A Subscriber that request's late, from a sampled flux should have that element emitted, even if the source already completed.
Right now source-completion will only play out if the subscriber requests in #onSubscribe. I believe the turn of events should play out in order, on request as well. (this could be a bit hard to implement as is; since we essentially drop the Publisher once we have subscribed, and as such we do not know if the item should play (the publisher emitted) after request is called, I would have to reintroduce something, like an index (updated on Other#next), for this test).
On a related note, I believe the promise of the last element always being emitted is broken in this situation, as the last element was not played.

test:

@Test
void lateSubscriber() {
   Flux<Integer> input = Flux.just(4);
   int[] discards = {-1};
   Flux<Integer> sampled = input.sampleTimeout(i -> Mono.empty()) // instant playback
                   .doOnDiscard(i -> discards[0] = i);
  
   ZeroRequestOnSubscribeSubscriber testSub = new ZeroRequestOnSubscribeSubscriber();
   sampled.subscribe(testSub);

   assert testSub.next == 0;
   testSub.subs.request(1);
   assert testSub.next == 0; // value still not played
   Integer val = sampled.blockFirst();
   assert testSub.next == 0; // no value appeared here
   assert val == 4; // 4 is available if you requested eagerly
   assert discards[0] == -1;
} 

static class ZeroRequestOnSubscribeSubscriber extends BaseSubscriber<Integer> {
      Subscriber subs;
      int next;
     
      @Override
      protected void hookOnSubscribe(Subscription s) {
             subs = s;
      }

      @Override
      protected void hookOnNext(Integer i) {
             next = i;
     }
}

I disagree with:

    @Test
    public void scanOther() {
        ...
        assertThat(test.scan(Scannable.Attr.PARENT)).isSameAs(main.other);
        ...
    }

this test tests that they are both null, they should be verified separately (i break this, since main.other is set at startup, but I also think that it's incorrect to test that two nulls are the same).

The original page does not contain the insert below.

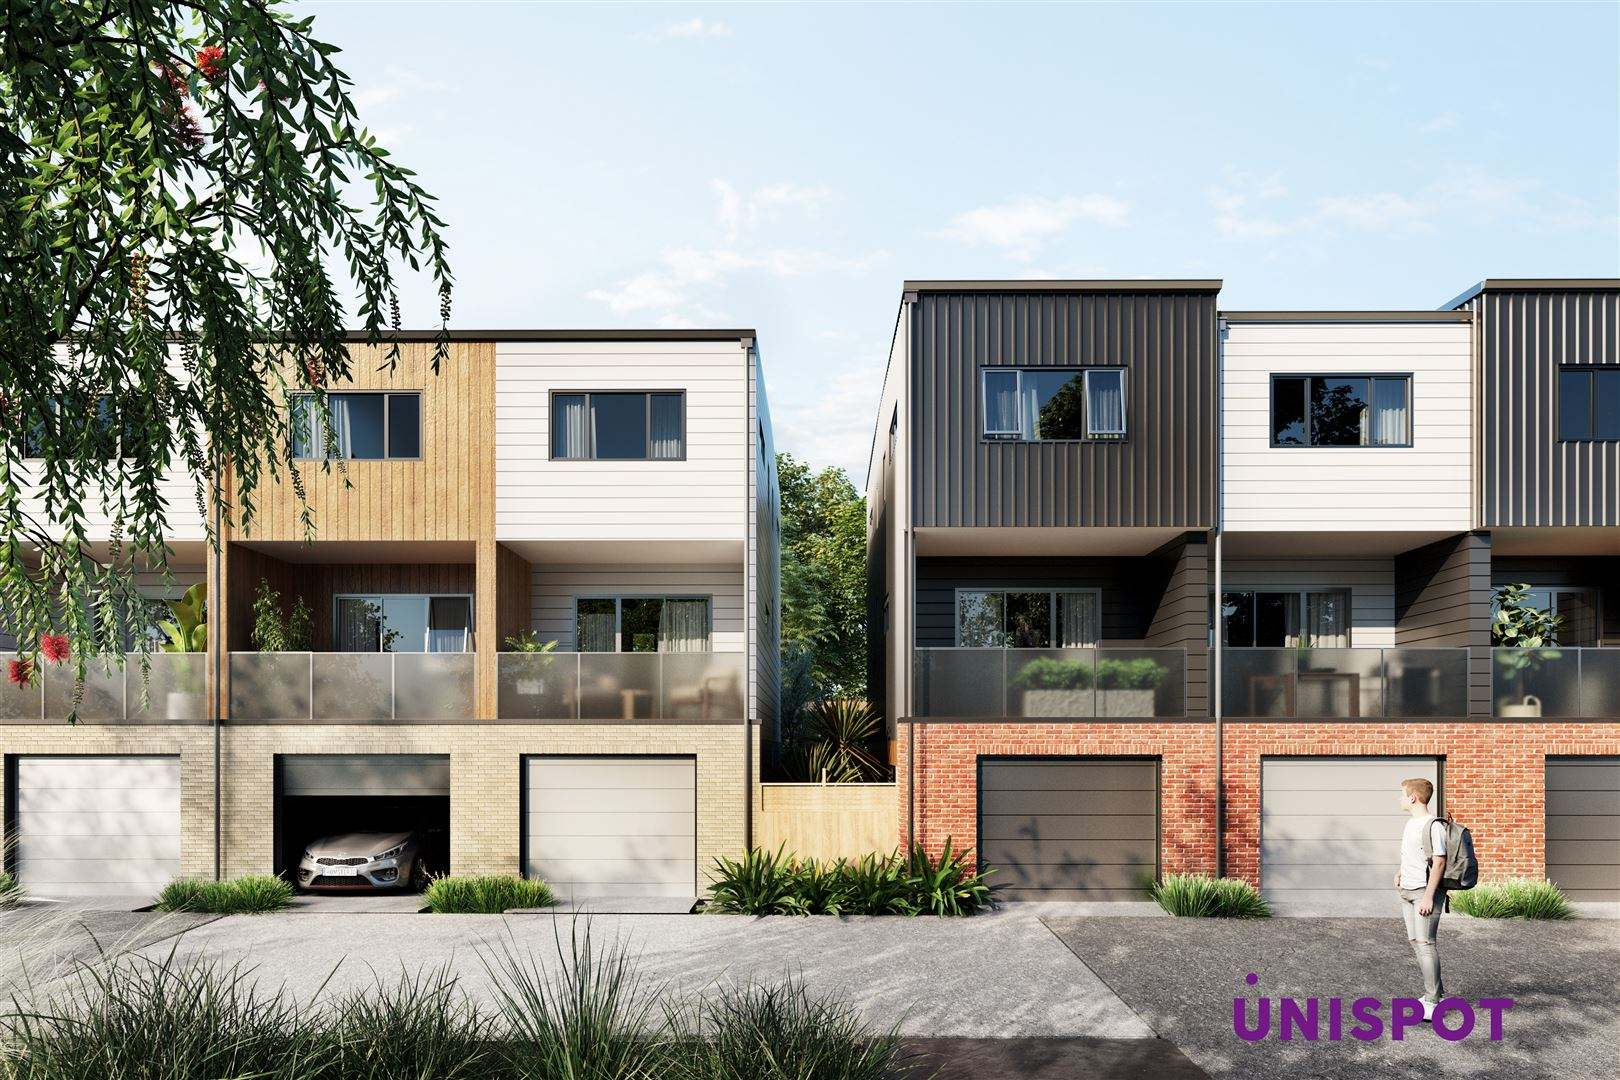 Albany 3房 全新精品住宅 专为现代生活打造 地理位置便利 公私好校云集 10年质保安心无忧 首付仅需10%! Brand New - Chic Urban Living

A possible way around doing too much here is to simply document this behavior in the Javadoc.

I think, not propagating at all, on a late request is fine, but should be documented (especially given the javadoc statement telling otherwise: last element always sent)
I think propagation after upstream complete should be reworked to honor throttling, but it should be documented at least.

chemicL · 2024-01-25T12:09:42Z

Hi, thanks for the report and the work you did on your branch. I spent some time looking into the existing implementation and tried to frame your concerns around what I learned.
Before considering any possible alteration of the existing behaviour, let's first clarify the expectations and concerns. From what I understood, the complaints you bring are the following:

The Javadoc has a "FIXME" note which is confusing.
Discard support and unclear wording.
Handling of cancellation of a companion - possible bug.
The last value should be delivered at the end of the timeout.

Before addressing these concerns, I believe there is some misunderstanding with regards to what ends up in the queue.

Whenever a new item is emitted from the source, the implementation handling timeout companions cancels the current timeout companion and loses its reference. There is always at most one reference to a companion.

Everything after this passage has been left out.